Gowanus-Based Design Firm Hyperakt is Taking Its Neighborhood Guide Project Global
Listings services, which allow you to order food from restaurants across a city, or to vet the quality of service at a bar or the atmosphere of a pottery class, are basically the ultimate exercise in personal convenience. If a new taqueria springs up on your block, order through Seamless. If you’ve heard conflicting reports about a certain juice bar, Yelp it. If you enjoy rating businesses to a subscription-worthy degree, sign up for Angie’s List.
But all of these services have drawbacks–Seamless orders sometimes take forever, Yelp is a chatroom for perpetually dissatisfied misanthropes and well, Angie’s List costs money. But what if you could wade through all the noise on these websites and find something really simple, like a neighborhood bar that isn’t marred by spiteful Yelp reviews, and use an app/website that’s more straightforward to locate it?
That’s the idea behind On the Grid, a project that Gowanus-based design firm Hyperakt put together last April, and it’s been growing steadily since. On the Grid uses a simple, mobile-friendly design to list (and map) all the restaurants, ice cream shops, bars and various hidden gems that pepper certain neighborhoods, and does so with in-depth descriptions and vivid photography.
“We moved from Carroll Gardens to Gowanus last October and one of the designers in the studio thought, why don’t we come up with a cool neighborhood guide for Gowanus to really kind of get to know the neighborhood,” says Deroy Peraza, Creative Director of Hyperakt.
Peraza admits that Gowanus was sort of a puzzling environment for his team at first, because it’s “the kind of place where you have to know the ins and outs to understand where the cool places are–there’s lots of them, but they’re not very visible at the street level,” he says.
So Hyperakt began to search for Gowanus’ neighborhood establishments, arranging them in an accessible and easy-to-track format with descriptions from the clientele who frequent them often, Hyperakt’s designers.
But even with a guide for their homebase complete, Peraza says the itch wasn’t really satisfied. The designers at Hyperakt thought the project “would be cool for other neighborhoods” but lacked “the capacity to cover every single neighborhood like we covered Gowanus.”
To that end, Hyperakt invited other design firms to curate listings for their own neighborhoods, and the result is an expansive list of places across Manhattan and Brooklyn (four of which have been released, twenty-three others are currently in progress), in addition to a growing number of cities across the US, Europe and Asia.
“We have [guides for] neighborhoods in the works in LA, Chicago, San Francisco, London, Hong Kong and Charleston,” says Peraza.
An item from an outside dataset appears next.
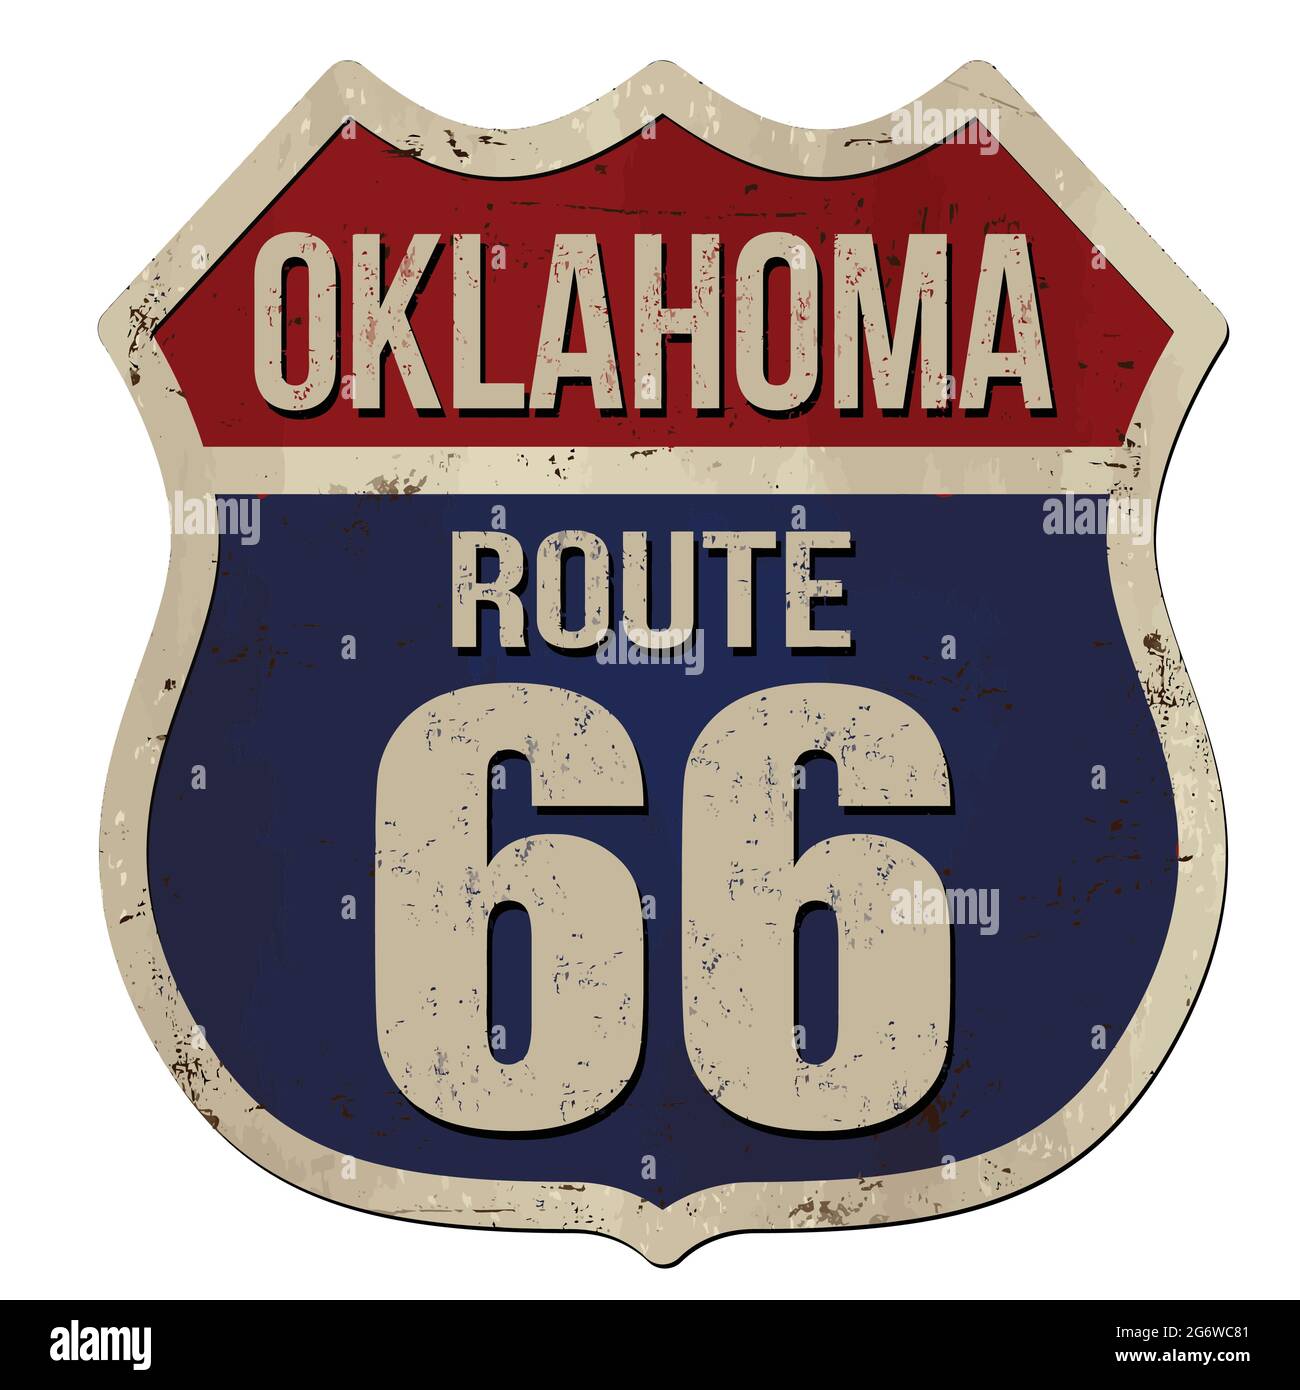 Oklahoma, route 66 panneau en métal rouillé vintage sur fond blanc, illustration vectorielle Illustration de Vecteur

Peraza says the ultimate goal behind On the Grid is to create a “Wikipedia-guide to neighborhood gems in cities across the world,” and to foster the kind of website that doesn’t get lost in the deluge of user-comments and clunky interfaces.
On the Grid will continue to release neighborhood guides across New York until September. The next one is dedicated to Prospect Lefferts Gardens and it releases this Friday, June 5th.